The time for polite conversations about the Covid-19 crisis is over: focus is needed on critical issues that will enable a turnaround in SA’s economy

In the Business Beyond Covid series, CEOs and other business leaders and experts in their sectors look to the future after Covid-19. What effect has the pandemic and resulting lockdown had on their industries and the SA economy as a whole? Which parts will bounce back first and which will never be the same again? Most importantly, they try to answer the question: where to from here?

To grow an economy requires sustained levels of investment of about 25% of GDP. Our current investment level of 19% of GDP is simply too low. To attract investment requires competitive, stable and predictable policy and regulatory frameworks, and a conducive operating environment to be more internationally competitive.

The question is why SA has so little productivity growth and such low investment levels.

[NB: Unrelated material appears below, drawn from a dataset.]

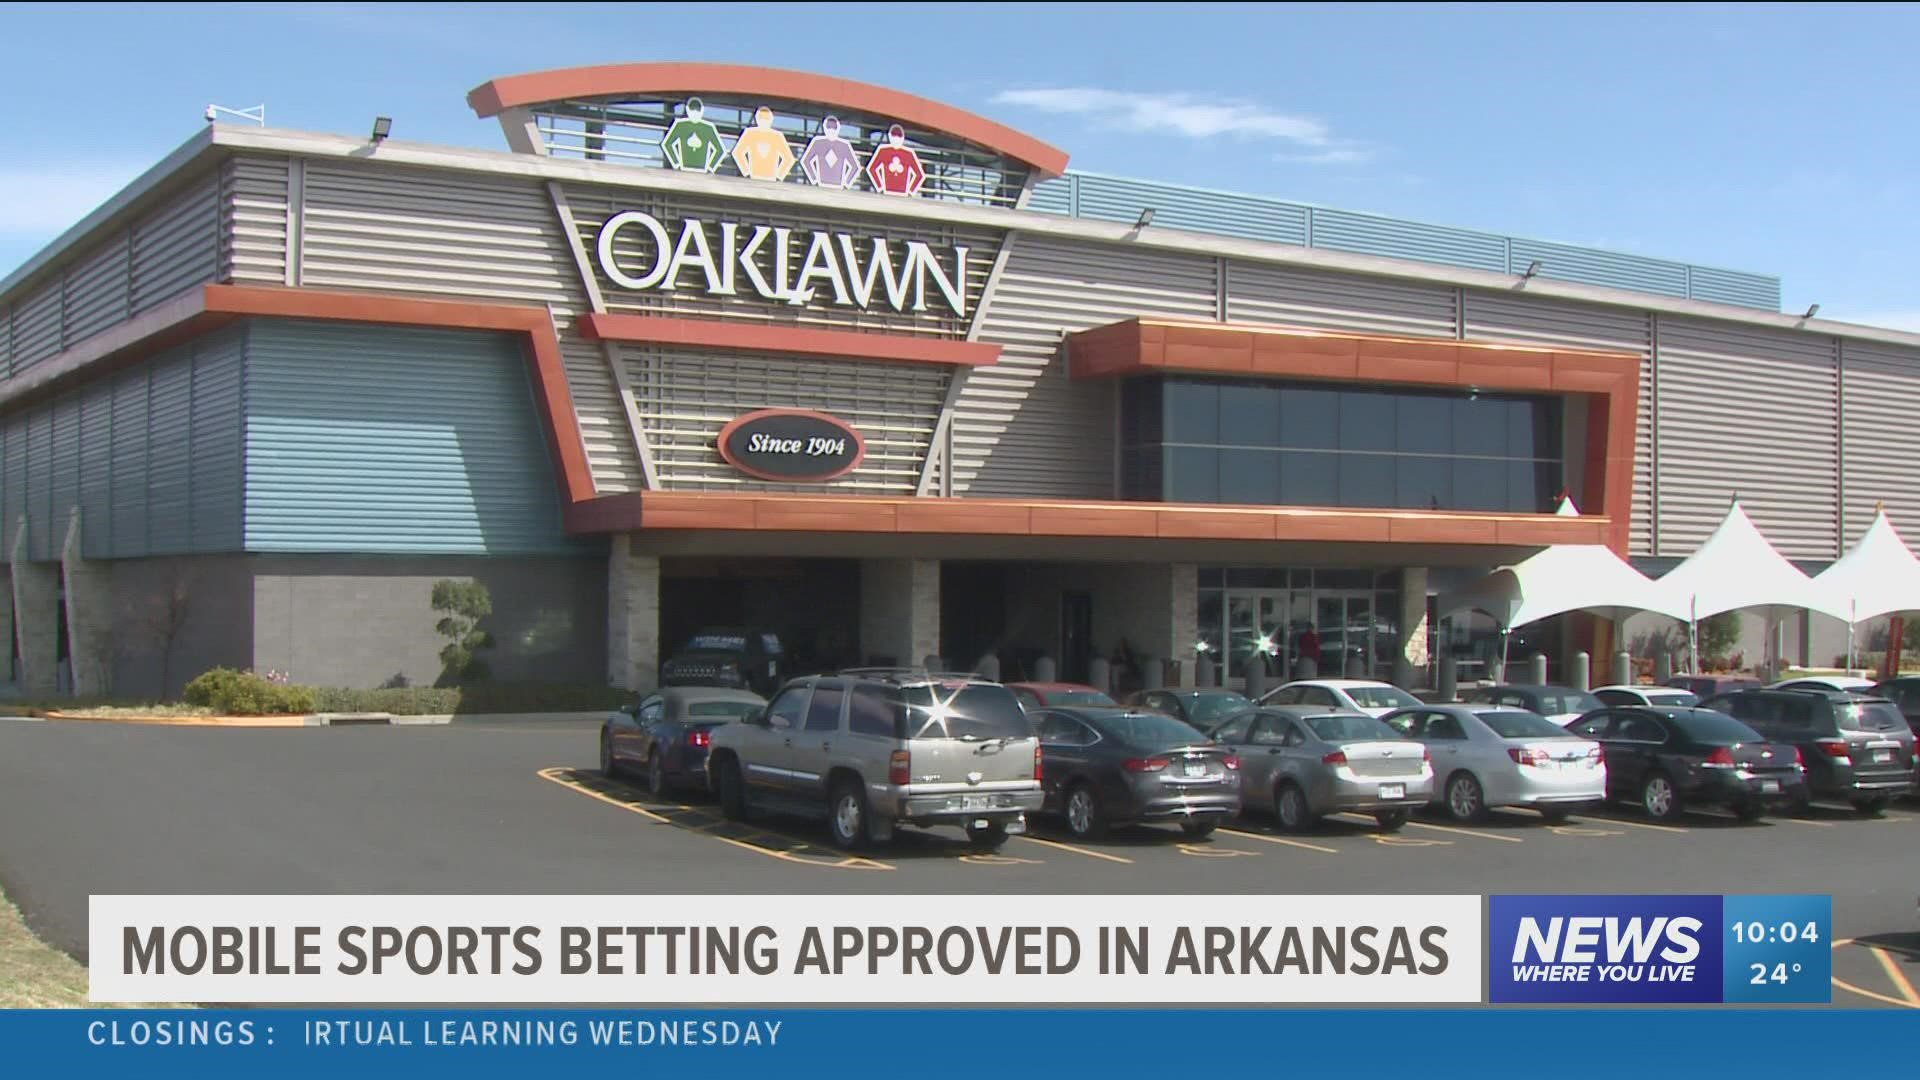 You will soon be able to make sports bets, with just your phone. Arkansas lawmakers approved the proposal just in time for March Madness.

Total factor productivity growth is weak because a significant share of the economy is not open to competition, and instead is controlled in monopolistic structures owned by the state. The government owns 41% of the fixed capital stock of the economy and these industries are closed to effective private-sector competition .

The starting point in structural reform must be the size of government, which is too large, too cumbersome, and too inefficient, acts as a huge drag on the fiscus and detracts from the competitiveness of the country. Does SA really need three tiers of government? The 1.3-million public servants at provincial and national level account for 35%, or R675bn, of the national budget — and this excludes local government.

Allowing desperately needed investment in private power for self-use and in competition with Eskom would not only diversify supply but materially improve reliability and lower prices. Mining alone has plans for more than 2GW of renewables. Just allowing private competition on electricity, rail and ports would probably improve the potential growth rate by more than two percentage points.